Chapter 13

Barcelona, Spain - April 1891

My father Gaudí and I celebrate. This is a very special day for us.

Gaudí sits in a pew in the heart of me, in my crypt, and toasts the occasion with a glass of water. He shares the toast with me, dribbling a little on my floor.

It is the most wonderful moment of my life so far. I feel so close to him, especially now that the crypt is done and we are about to begin our true work.

My crypt is a temple unto itself. It has seven chapels, each dedicated to a different aspect of the faith—the Saints, the Sacred Heart, the Immaculate Conception. Its spacious vault is set with gleaming marble and glittering gold. The workmanship of every square inch is impeccable.

For some, it would be a finishing point...but for us, it is just the beginning. The rest of me will grow around the crypt, swelling to fill a vastness many times its size.

And the rest of me will be much more my father's creation. Though Gaudí directed the crypt's completion, the design was not his own. He agreed to follow the design, inherited from his predecessor, until the crypt was finished—and from the day after that, he would follow only his own vision.

Today is that day.

"You have a sound heart," Gaudí tells me, patting the pew with his hand. "Tradition at the core. Now we modernize. Cultivate the new...beyond new, forever new. What do you say to that?"

I reach out with every atom of my being to tell him, to say that I approve, that I rejoice. If he hears me, he doesn't say so. He never does.

But I never stop trying.

"I see you in my dreams." He gets up and paces the floor, glass of water in hand. "You as you will someday be. Too beautiful for words." Gaudí sighs. "And in my dreams, we two are alone. There is no one else."

To me, this sounds like heaven. I cannot imagine a more perfect dream.

I love my father, and I cherish our time together. No one else makes me feel so good; no one else talks to me, explains to me, confides in me. If I had my way, I would choose to be alone with him every minute of every day.

I soon realize, however, that he might not feel the same about me.

"I worry that my dreams will become reality," says Gaudí. "That all I will have left someday...is this. Is you." He lets his fingers trail over one of my marble pillars. "That my work will consume me. Drive away all human contact."

His words sting. He talks about being left alone with me as if it would be a bad thing.

Yet I can understand his need for human contact. When Gaudí is gone for days or weeks at a time, I am crushed. The thought of being without him forever is too terrible to contemplate for long.

"Love is not for me," says Gaudí. "I accept that. The women I've loved and lost have taught me well. But to be completely alone, with no family or friends...could I bear it?"

He enters the chancel and runs his hands over my cool, smooth altar. If only I could reach out to him with hands of my own, hands of marble and gilt sprouting from the altar, and reassure him.

"Could you be enough for me?" Gaudí looks up, eyes searching the sculpture on the wall. "If everyone else falls away, will you be strong enough to support me? Will your love be enough to keep me warm through long, lonely days and nights?"

I try as hard as I can to shout my answer. Yes, I will support him! Yes, I will keep him warm! He is everything to me.

"I ask because I want to believe," says Gaudí. "I need to believe, if I am going to follow through with this endeavor." He closes his eyes. "If I build this, will you promise never to leave me? Will you pledge that I will never be alone?"

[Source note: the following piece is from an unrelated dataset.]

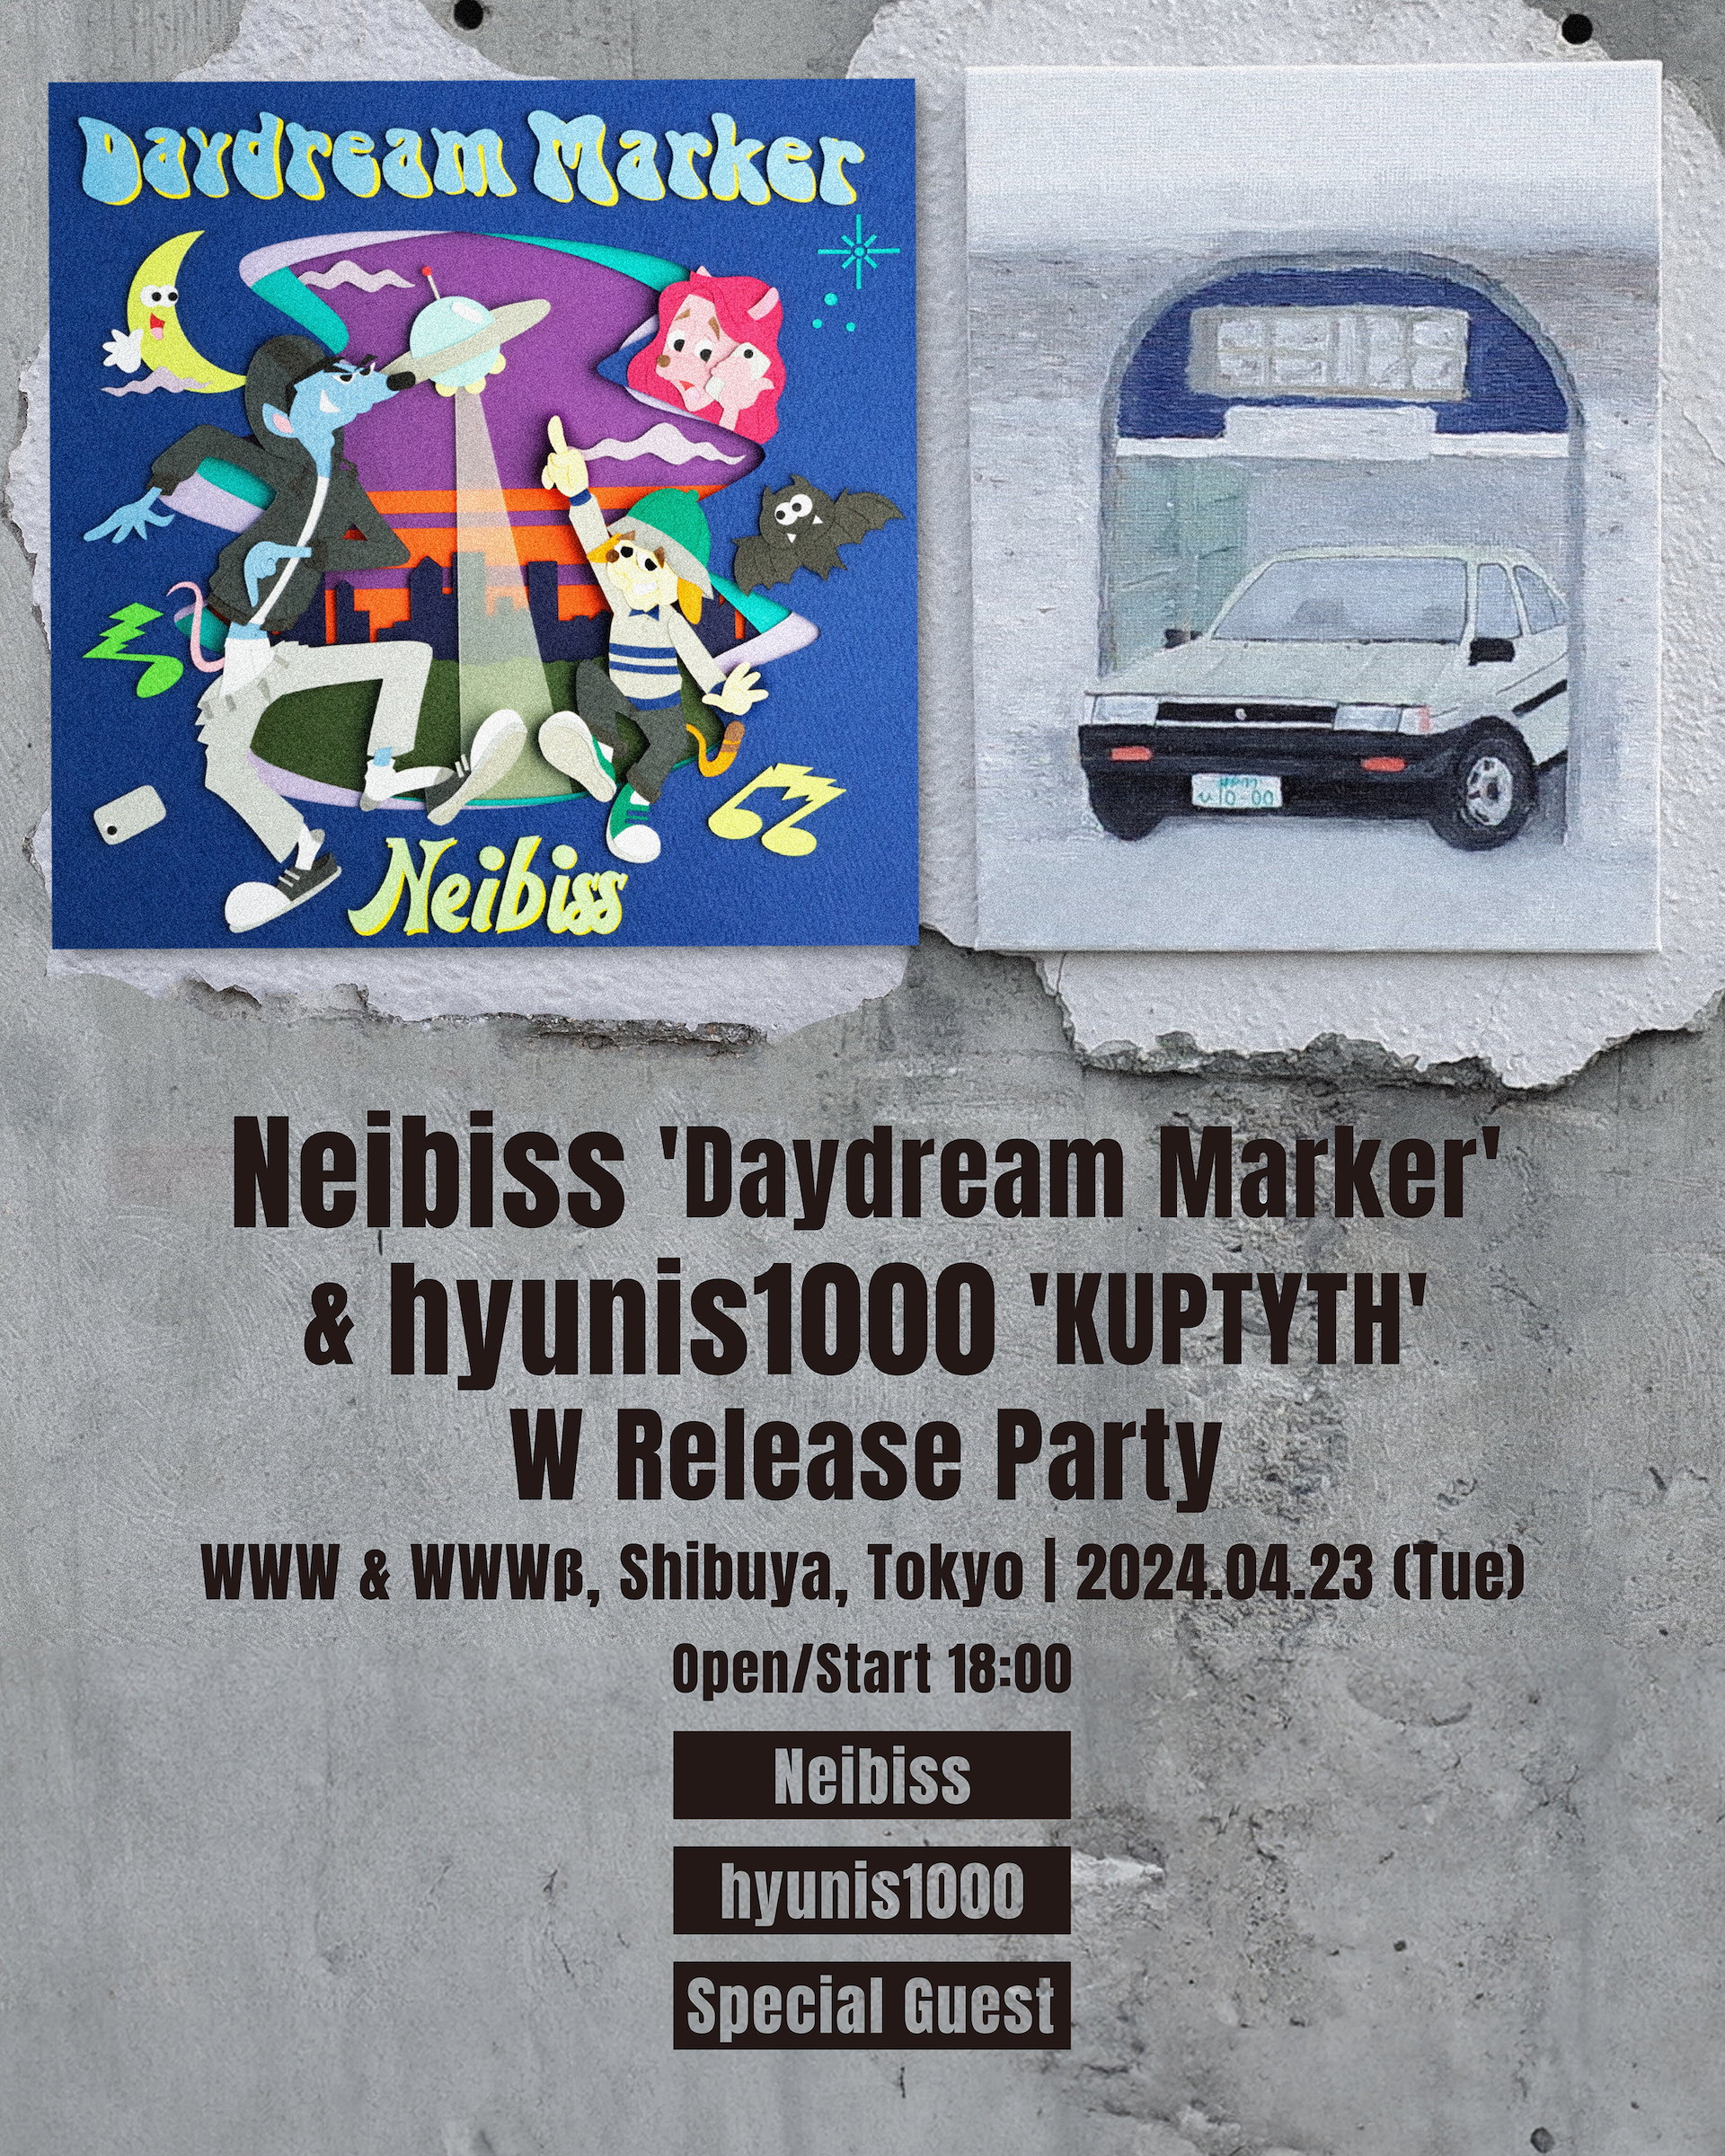 Neibiss、最新作『Daydream Marker』のリリース・パーティーが決定｜東京はhyunis1000のソロアルバム『KUPTYTH』とのWリリース・パーティー、大阪はNeibiss初のワンマン公演に music240131-neibiss2

Gaudí shudders as I strain to send him my answer. Maybe I am getting through after all. Maybe the force of my promise shakes him, convinces him, even if the words themselves don't penetrate.

For I know now what I must do for him, what he expects of me. I must stand by him, no matter what. I must give him love and support.

And I must ensure that my father is never alone. That is why he once told me he would make me "a cathedral like no other." Because I must become great enough, unique enough, to draw people to him. They will come to see me, and he will never be alone.

So now I know my purpose. I know why I'm here. I understand why I'm meant to bring people together to worship a "God" I've never seen.

It never occurs to me that I'm not the only one Gaudí is talking to today. That just as I, a thing of stone, reach out to him, he reaches out to the stone statue of Christ above my altar.